Unit Price Calculator

Compare supermarket prices per unit to find the best deal. Add up to 6 products with different sizes and units — instantly see price per 100g, per litre, and which is best value.

Compare unit prices across products

Enter product name, price, quantity and unit to find the best value.

Products

Why Pack Size Beats Sticker Price

Supermarket pricing is designed to obscure value. A 250g jar of coffee at £4.50 looks pricier than a 100g jar at £2.50, but the price per gram is 1.8p vs 2.5p - the bigger jar is 28% cheaper per cup. The Unit Price Calculator compares up to six products at once and ranks them by price per unit, factoring in unit conversions automatically (1 kg becomes 1,000g, 1 litre becomes 1,000ml).

Per-unit thinking exposes the so-called "family pack premium" lie that has crept into UK supermarkets since 2022. Roughly one in four "big" packs is now actually more expensive per gram than the standard size. Ariel washing pods, Heinz beans, branded breakfast cereals: a 2025 Which? survey found over 30% of multi-buys cost more per unit than the smaller version of the same product.

Where Unit Pricing Matters Most

The biggest savings come on items you buy regularly: cleaning products, pasta, rice, tinned tomatoes, cooking oil, washing detergent. A household saving 15p per kilo on rice eaten weekly saves about £8 a year, which sounds trivial until you stack it across thirty staples - that is £240 over a year of grocery shopping with zero quality compromise.

The tool also catches "unit price labelling errors". Supermarkets are legally required to display unit prices under the Price Marking Order 2004, but these tags frequently use inconsistent units (price per 100g on one product, price per kg on the neighbouring rival). Punching both into the calculator with the same unit settles it cleanly. For VAT-inclusive comparisons see the [VAT Calculator](/vat-calculator) and for percentage discount stacking try the [Discount Calculator](/discount-calculator).

Frequently Asked Questions

Is the bigger pack always cheaper?

No.

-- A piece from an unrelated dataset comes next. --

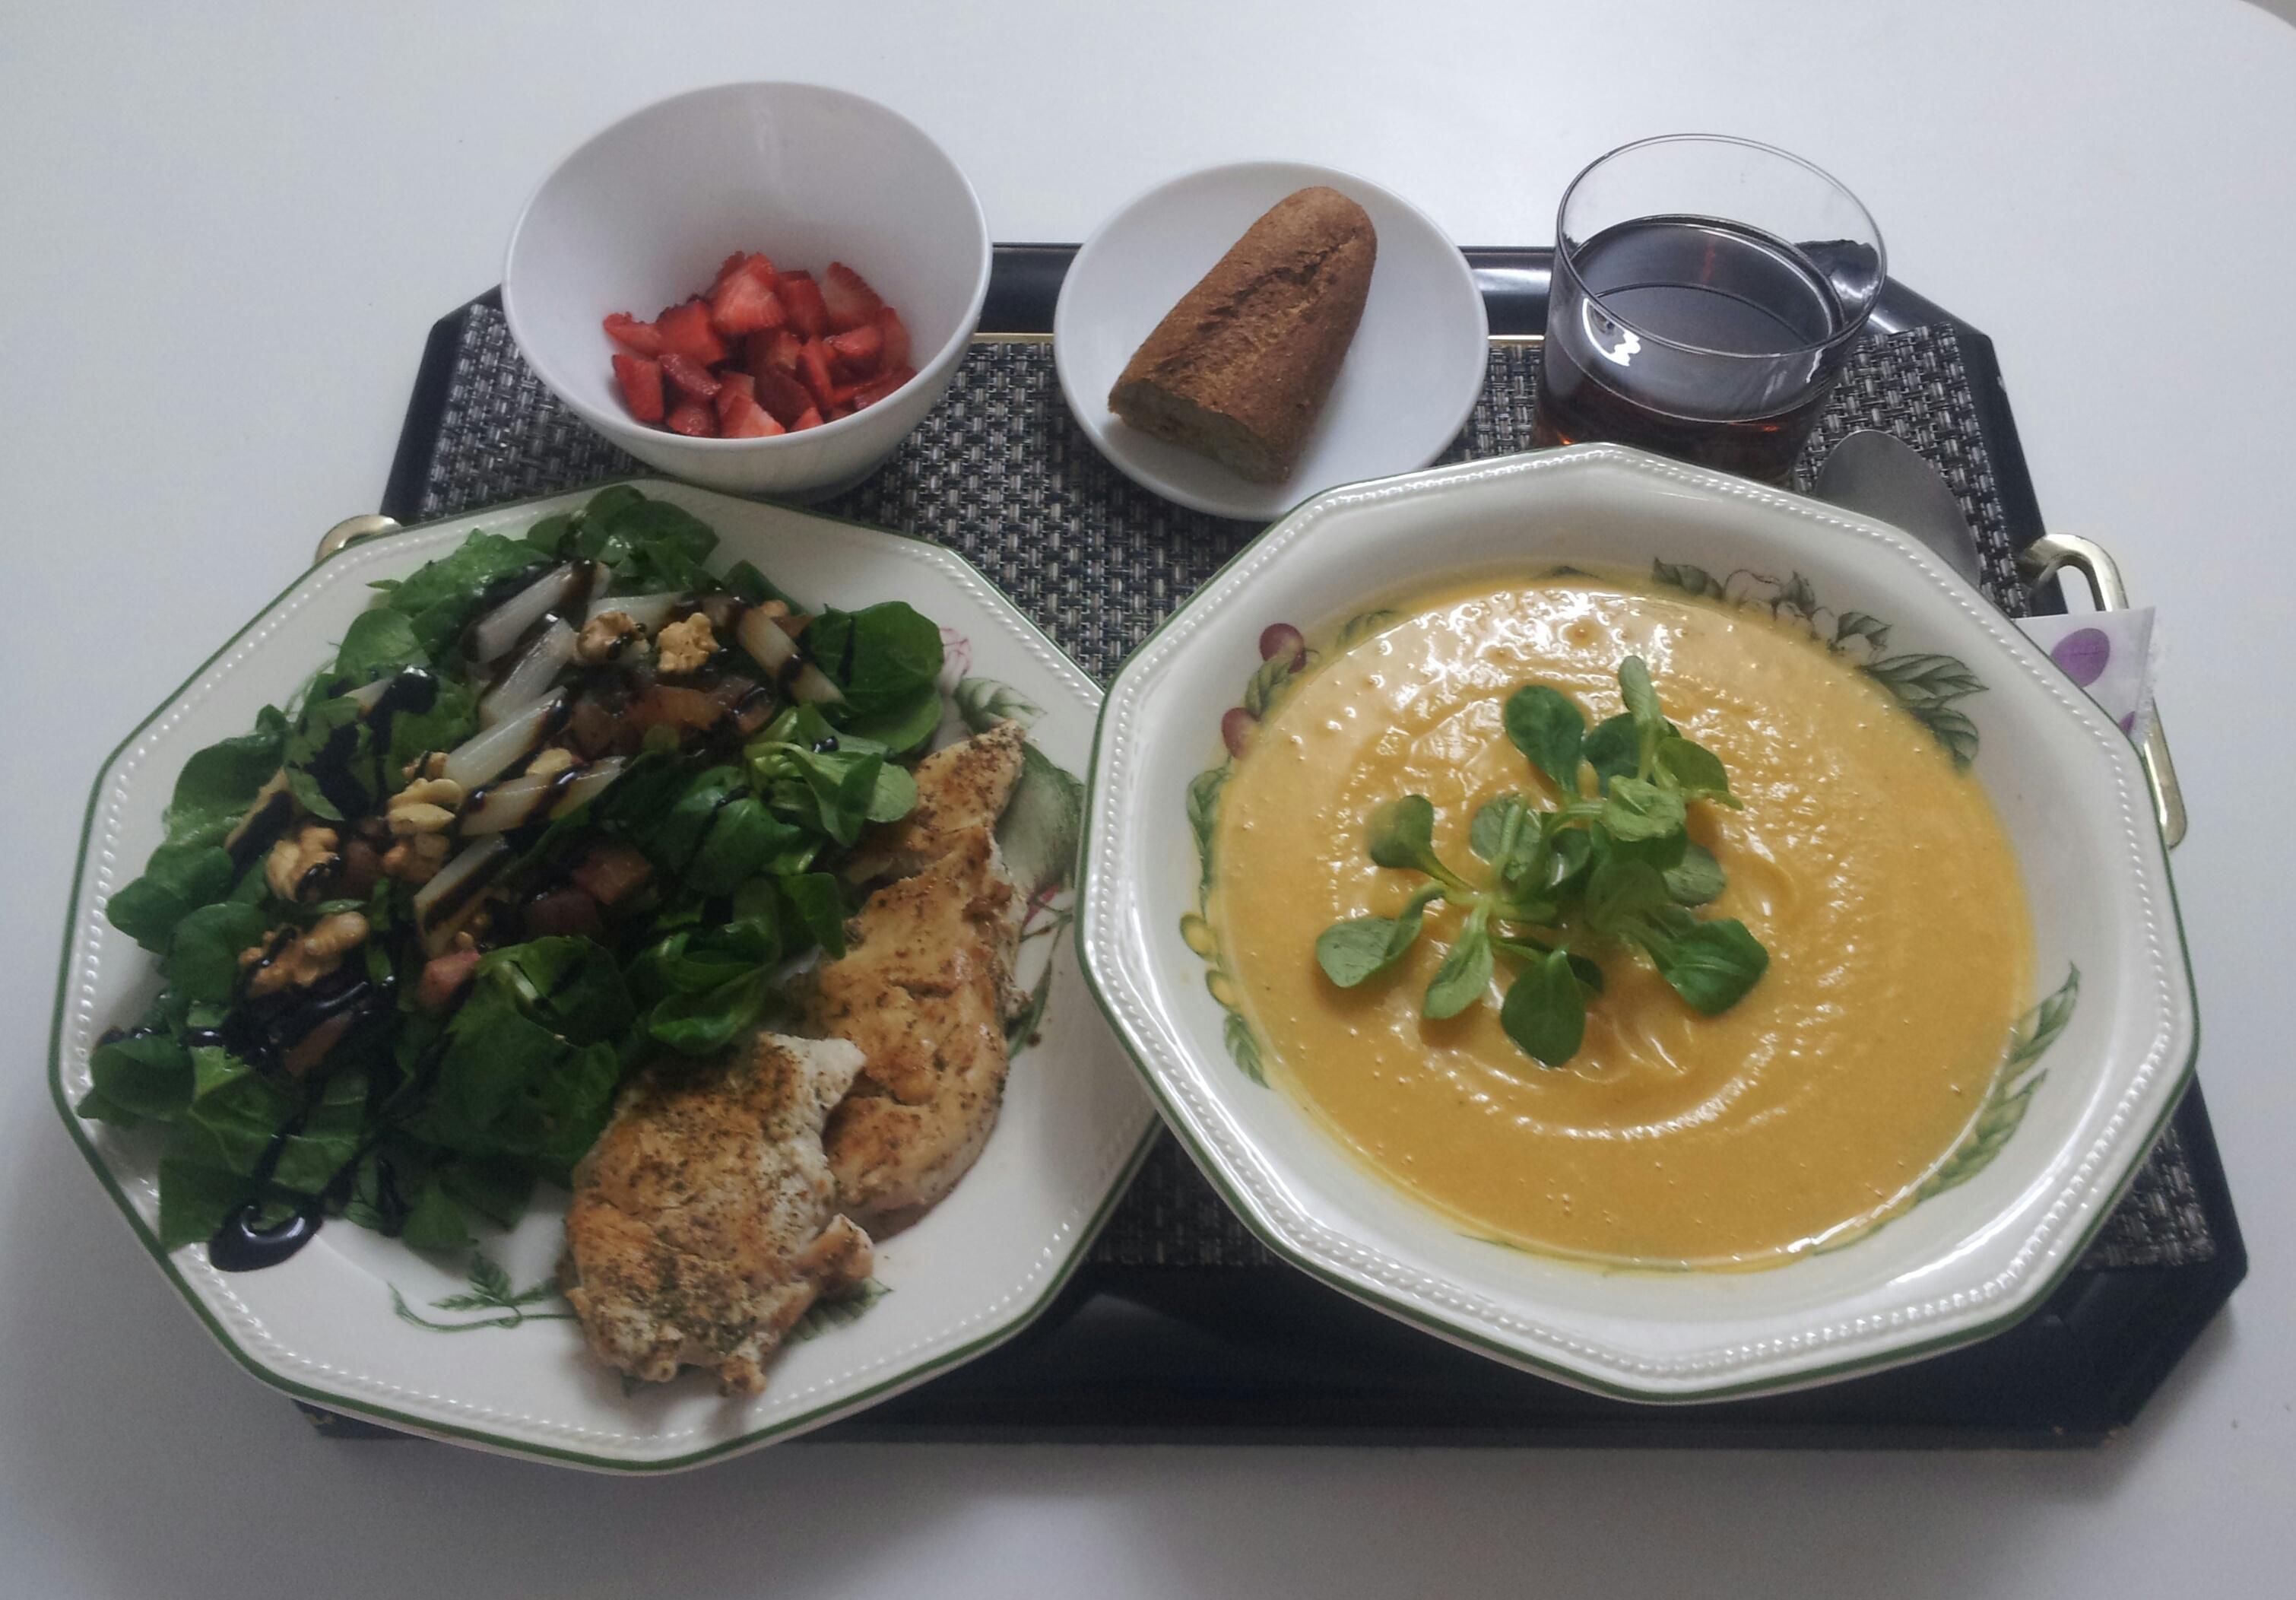 Comida sana for Comidas rapidas y sanas

About 30% of "value" or "family" packs in major UK supermarkets are now more expensive per gram than the standard size. Always check the unit price tag on the shelf edge. The reasons vary: brand strategy, supplier contracts, or simple price markup on the larger format because consumers assume it's better value.

How do I compare items sold by count vs by weight?

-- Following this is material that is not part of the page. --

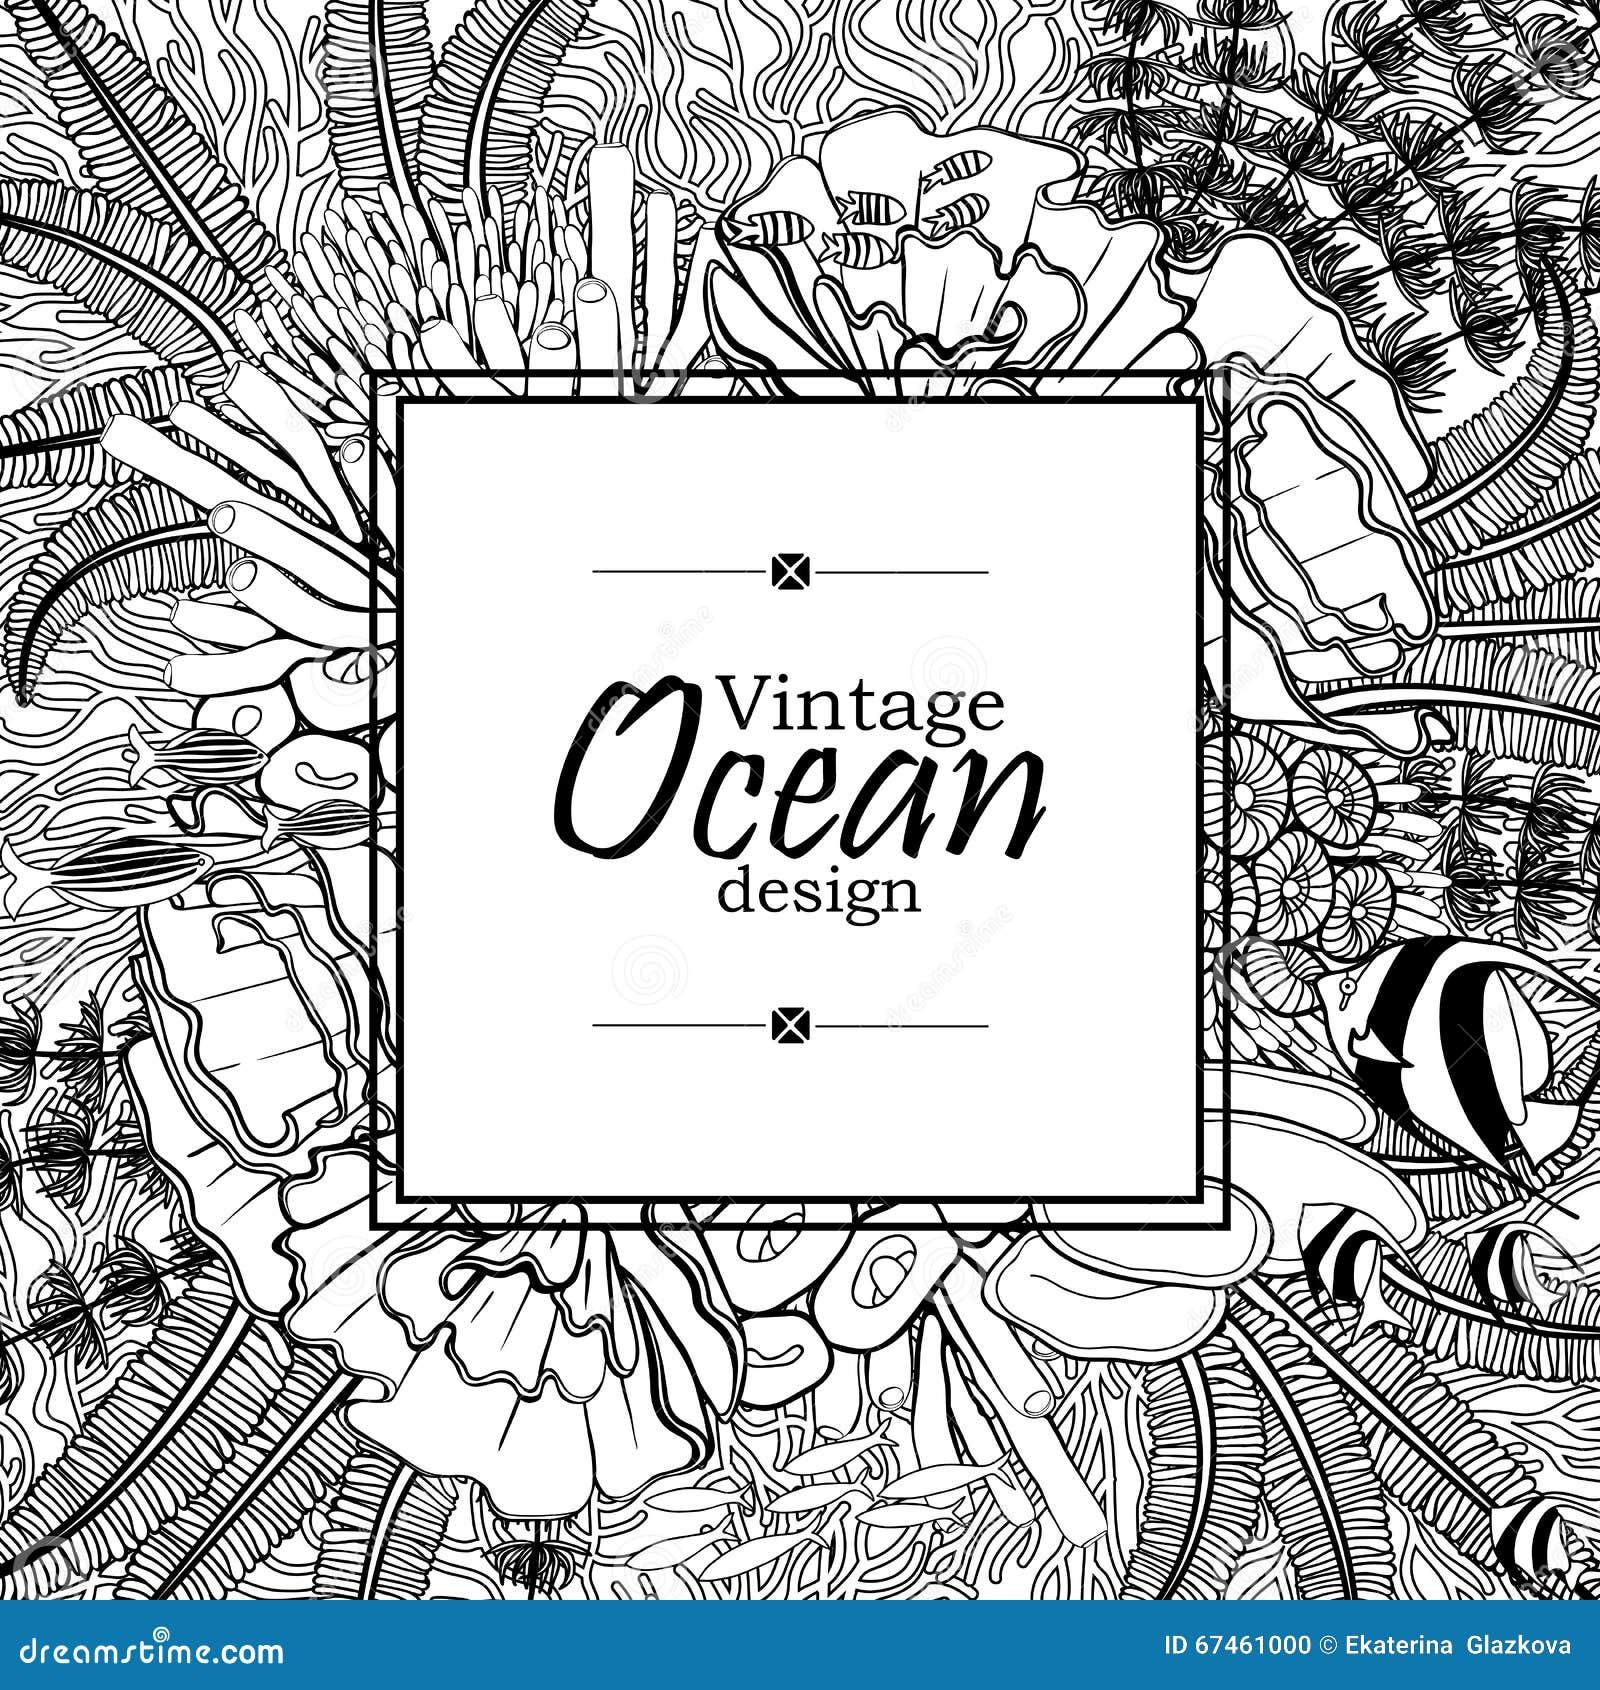 Line Art Card Design : Ocean line art design stock vector image

The tool supports an "each" or "pack" unit for items priced per item rather than weight (eggs, toilet rolls, dishwasher tablets). For a true value comparison in those categories, look at the secondary unit too: price per egg, price per sheet of toilet paper, price per wash. Some supermarkets show this on the shelf tag.

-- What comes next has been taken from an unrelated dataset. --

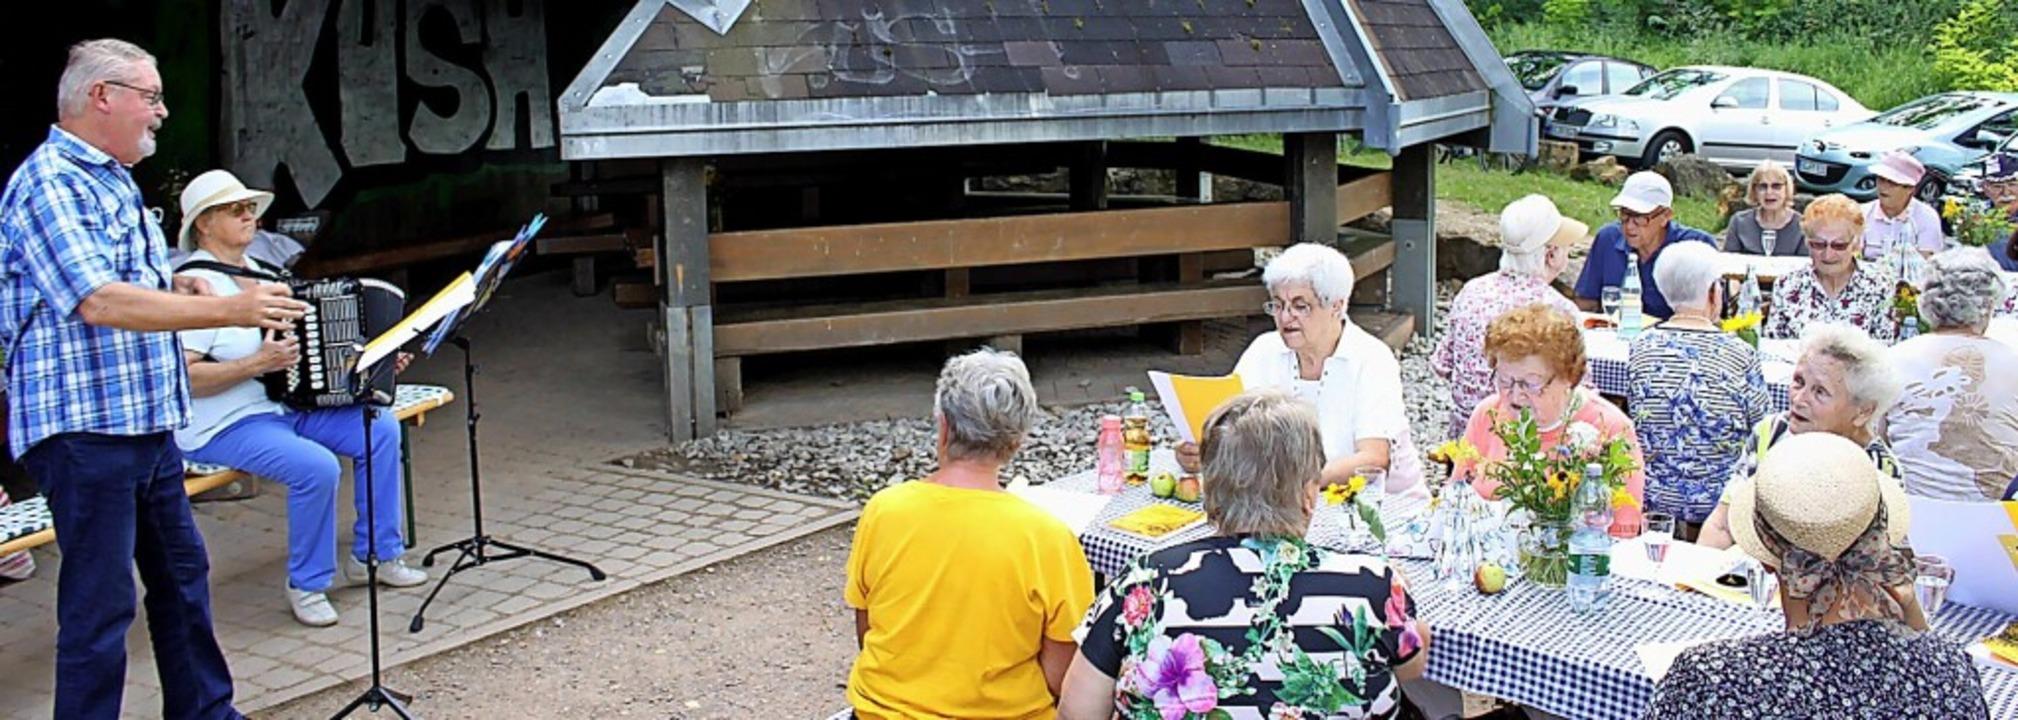 <BZ-FotoAnlauf>Ringsheim:</BZ-FotoAnla...20 Seniorinnen und Senioren begrüßen.     Foto: Adelbert Mutz

Do supermarkets have to show unit prices?

Yes. The Price Marking Order 2004 requires unit prices on most pre-packaged food, drink and household goods sold in the UK. Common units include per 100g, per kg, per 100ml and per litre. Compliance is patchy on small or own-brand items and on multi-buy promotions where the unit price often reflects the multi-buy total rather than the per-unit cost.

Why does the calculator show price to four decimal places?

Per-unit prices on cheap items can be tiny - a kilo of rice at £1.20 works out at 0.0012p per gram. Two decimal places would round most of those values to 0.00, removing the visible difference between products. Four decimal places preserves the comparison even on items priced fractions of a penny per gram or millilitre.